Activity>
Keep every word of the listing and reproduce it exactly, but set aside any image found there.

Supplied data>

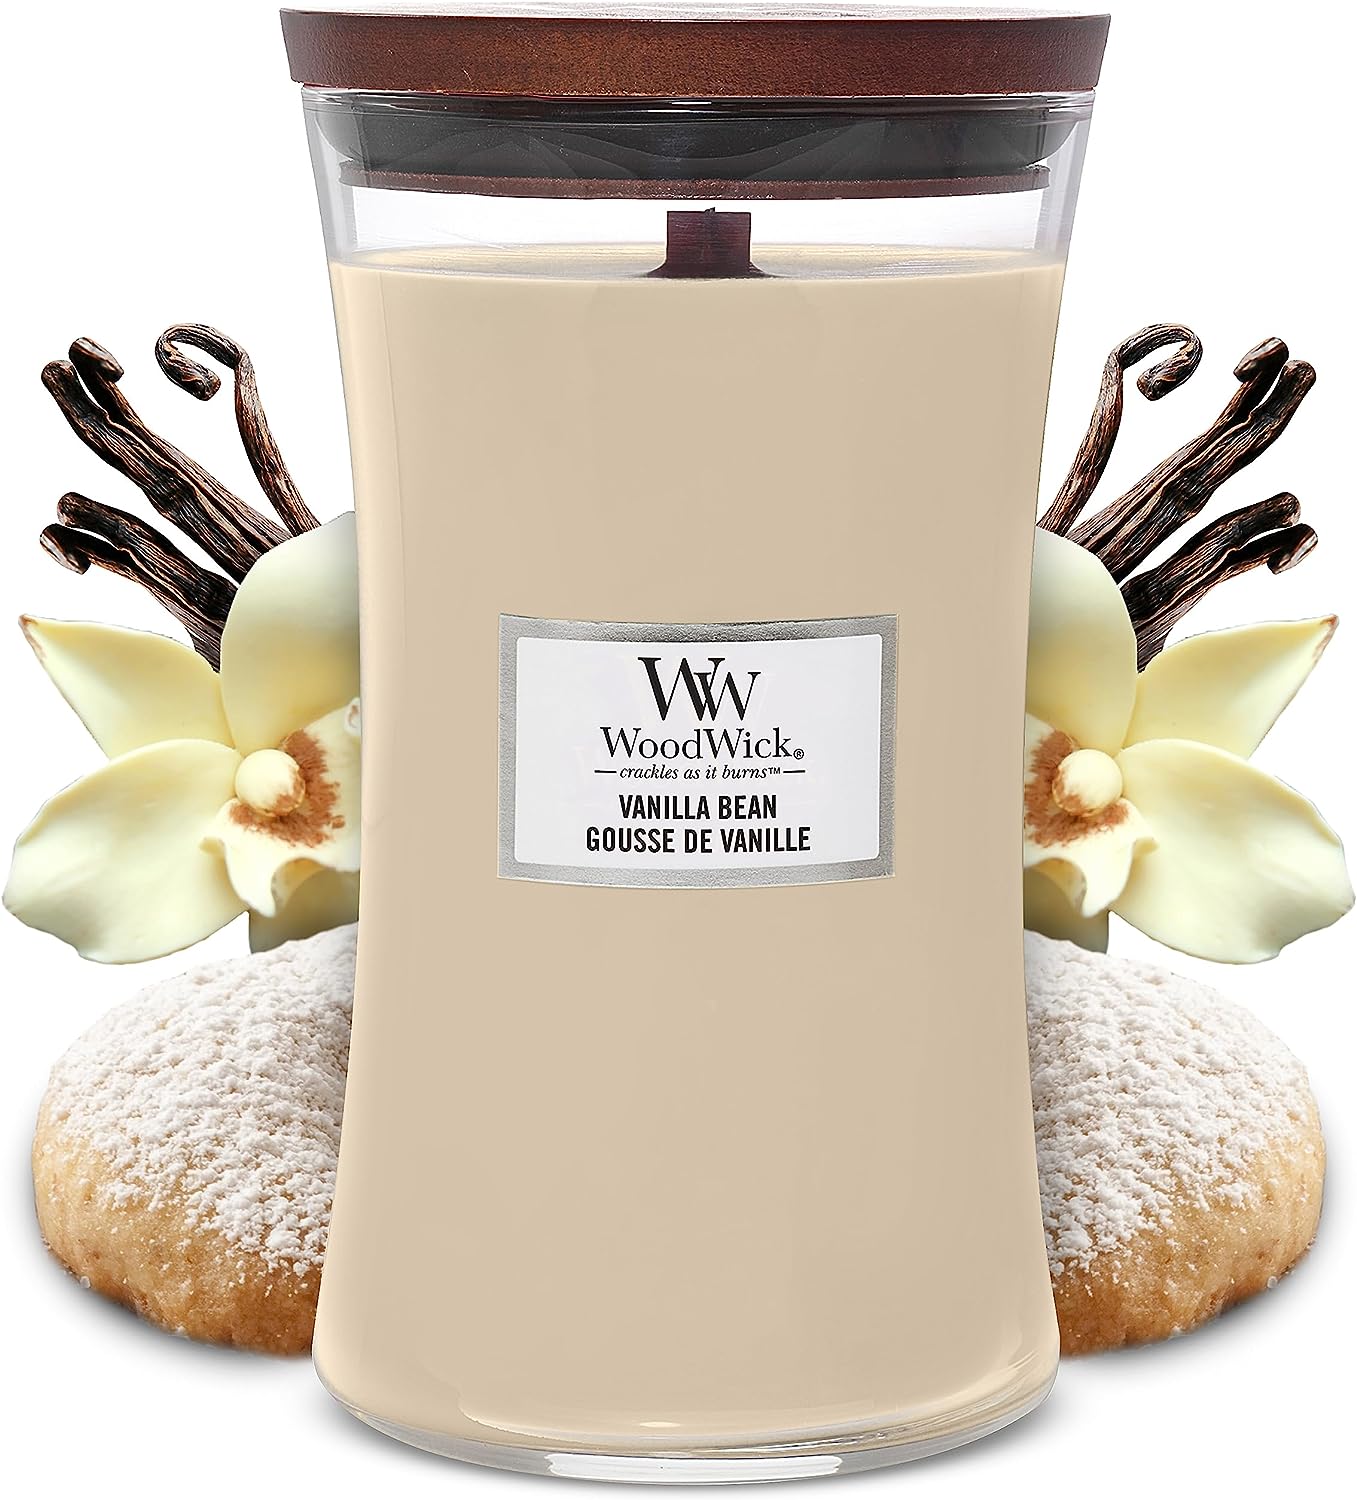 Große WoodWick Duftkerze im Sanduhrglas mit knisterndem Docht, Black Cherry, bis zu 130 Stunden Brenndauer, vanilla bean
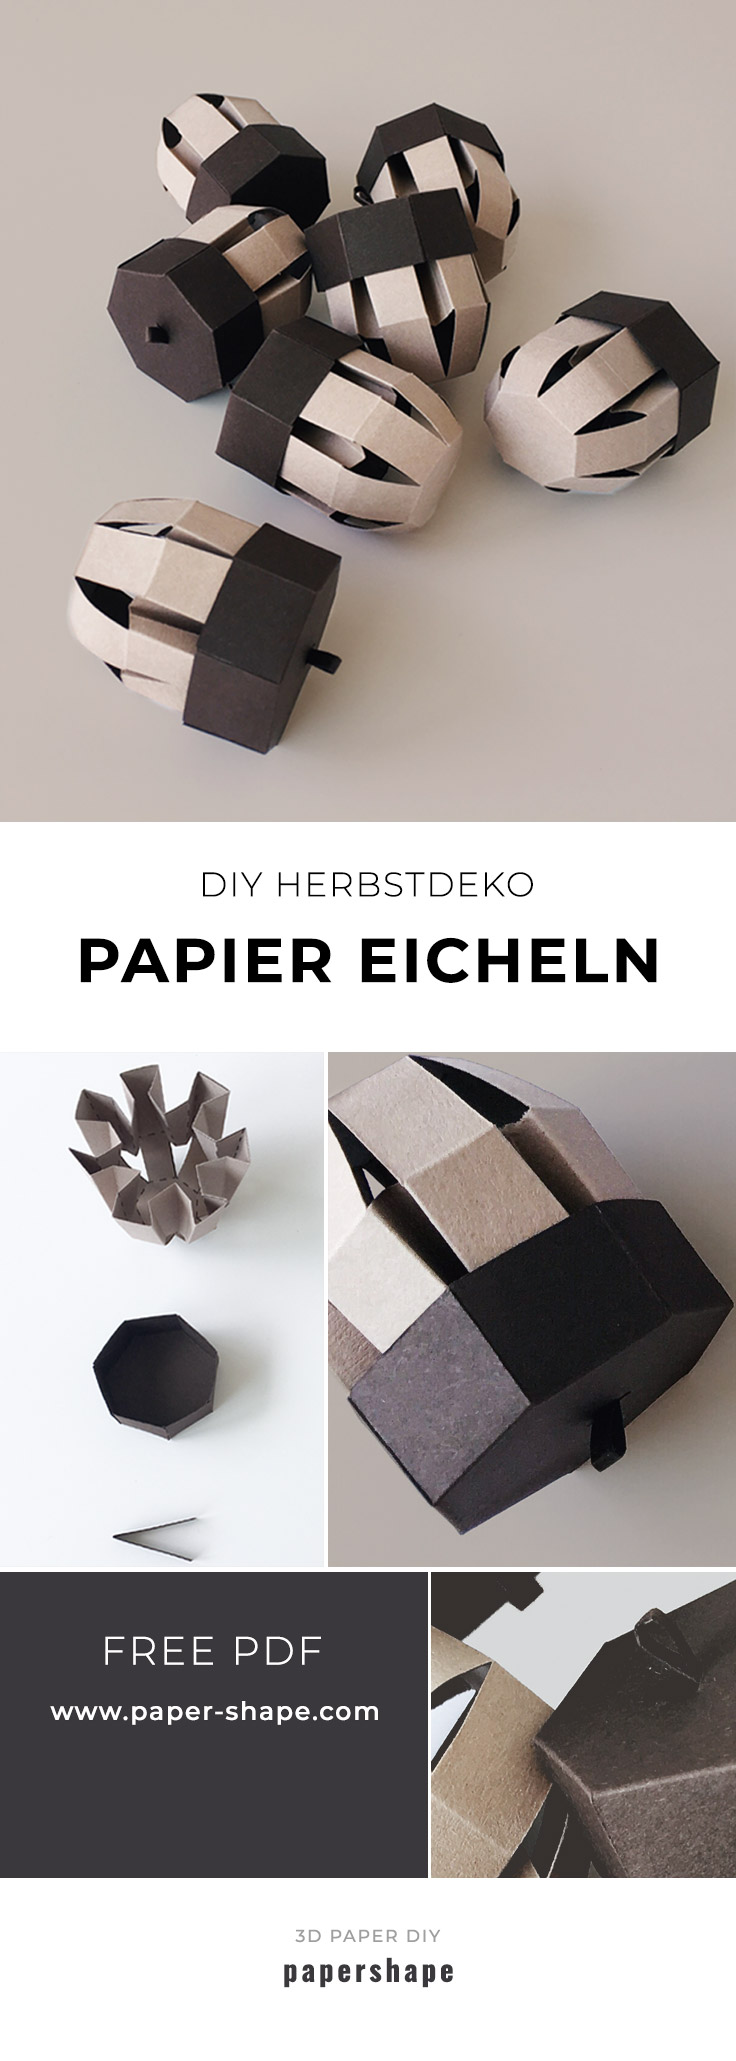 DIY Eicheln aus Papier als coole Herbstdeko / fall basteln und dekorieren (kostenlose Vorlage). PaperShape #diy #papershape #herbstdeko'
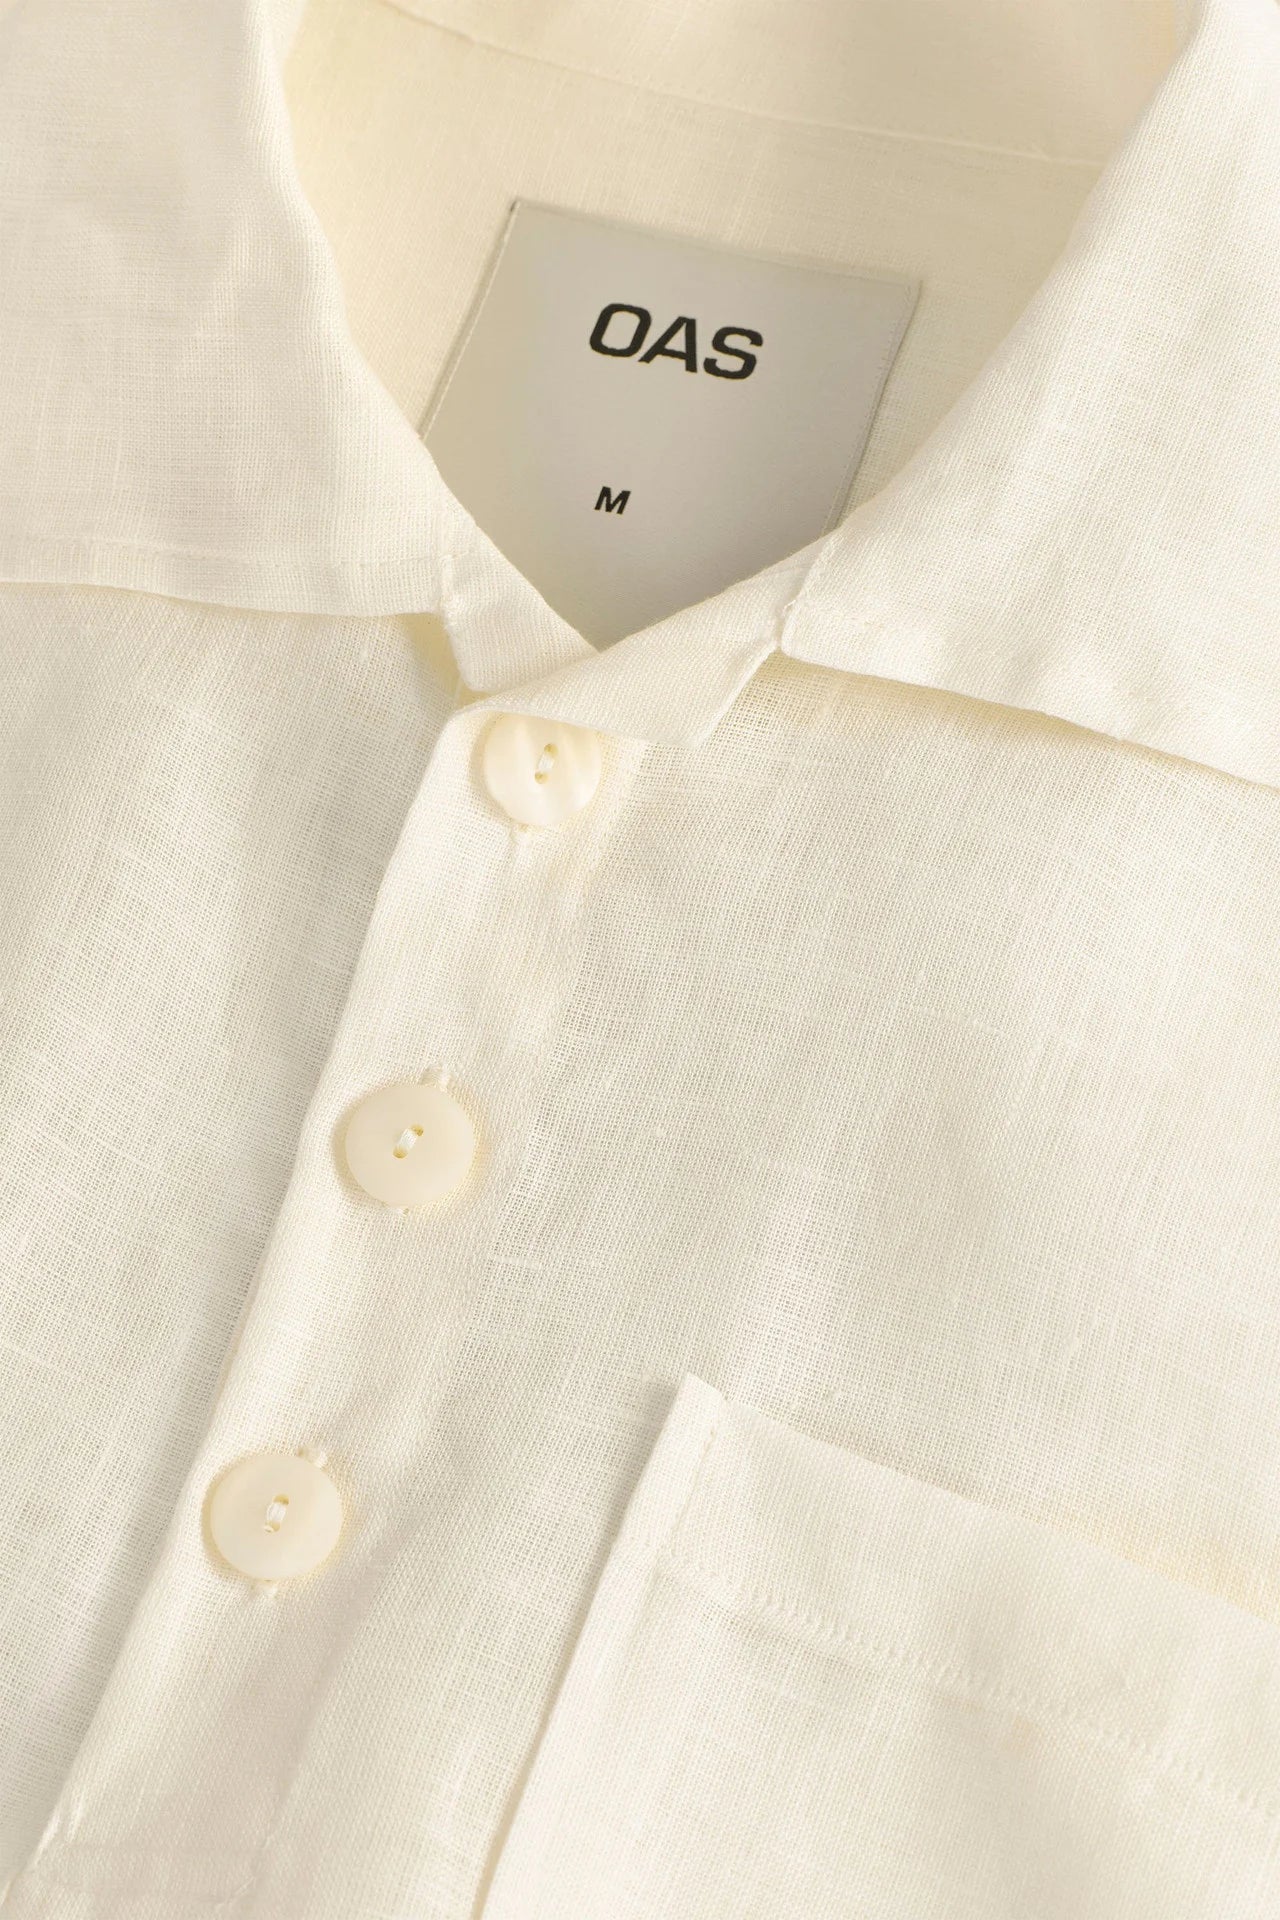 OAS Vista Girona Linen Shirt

Output of the exercise>
 Große WoodWick Duftkerze im Sanduhrglas mit knisterndem Docht, Black Cherry, bis zu 130 Stunden Brenndauer, vanilla bean
 DIY Eicheln aus Papier als coole Herbstdeko / fall basteln und dekorieren (kostenlose Vorlage). PaperShape #diy #papershape #herbstdeko'
 OAS Vista Girona Linen Shirt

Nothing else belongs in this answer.